CHATHAM — Two political newcomers will try to unseat Ald. Michelle Harris (8th) in February’s election after one candidate was dismissed from the race.
Challengers Sean Flynn and Linda Hudson will face off against the four-term alderperson next month in hopes of leading the 8th Ward. Geno Young, a South Side musician, was booted from the ballot in December after election officials found he didn’t have enough valid signatures.
Harris is seeking reelection after 16 years on City Council amid high turnover among alderpeople. She is “absolutely, positively not going anywhere,” she said in September.
“I’m all in now,” Harris previously said. “These people are revving me up, so I’m ready to go.”
Flynn announced his candidacy in September. He formerly served as Ald. David Moore’s (17th) chief of staff before leaving the post that month to join the 8th Ward race.
Hudson, an Avalon Park resident, ran against Harris in the 2019 election.
The ward includes parts of South Shore, Grand Crossing, Chatham, Burnside, Pill Hill, Avalon Park, Calumet Heights, Cottage Grove Heights and Pullman.
The election is Feb. 28. If no candidate secures at least 50 percent of the vote, the top two would proceed to a runoff April 4.
Flynn grew up the youngest of four boys in a single-parent home, hopping among South Side neighborhoods such as West Pullman and Chatham, according to his bio.
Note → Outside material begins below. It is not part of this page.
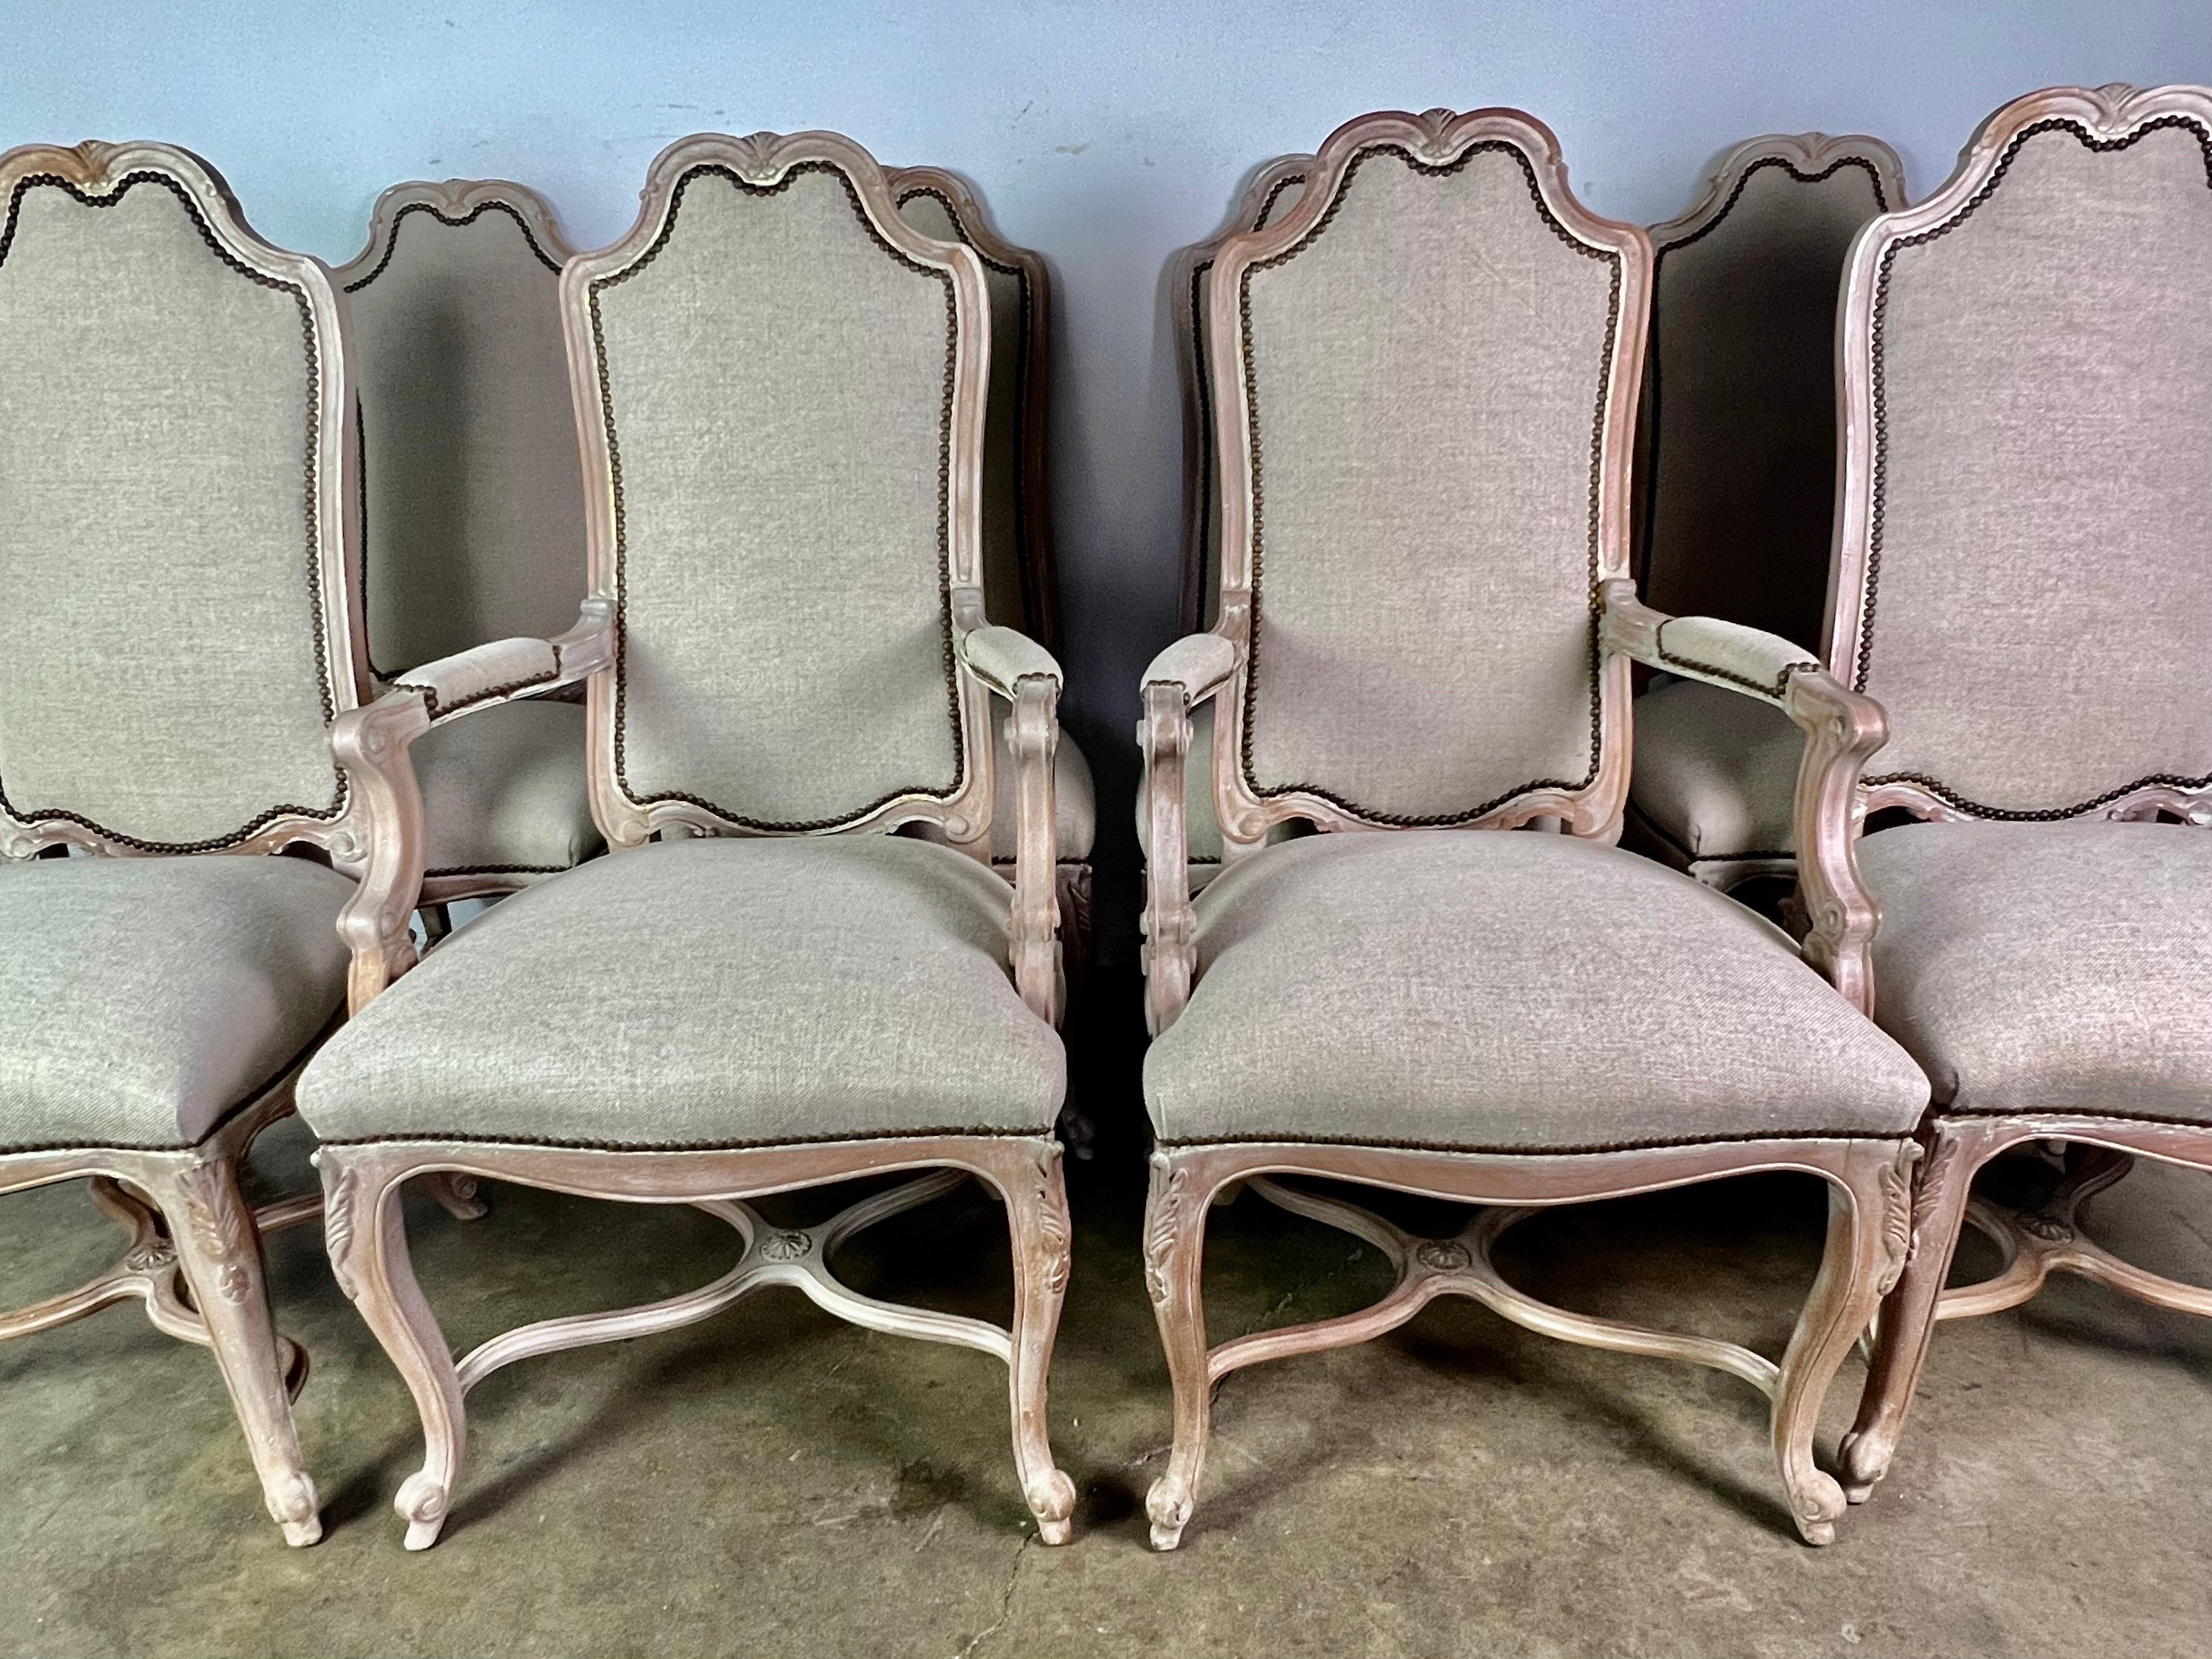 Satz von (8) französischen Esszimmerstühlen im Louis XV-Stil aus gebleichtem Nussbaumholz. Die Stühle sind neu mit gewaschenem belgischem Leinen gepolstert und mit Nagelköpfen verziert. Die Stühle stehen auf vier Cabriole-Beinen mit Widderkopffüßen.

He moved to Calumet Heights three years ago.
Flynn’s top concerns as an elected official will be reducing crime, enabling economic development, increasing traffic safety and encouraging community development, he said.
Flynn would build a team of neighborhood churches, community centers and leaders to “create a consistent program that addresses the specific needs for young people,” he said.
Providing more opportunities for youth — like soft skill training, mentorships and vocational opportunities — will prevent crime and build community, Flynn said.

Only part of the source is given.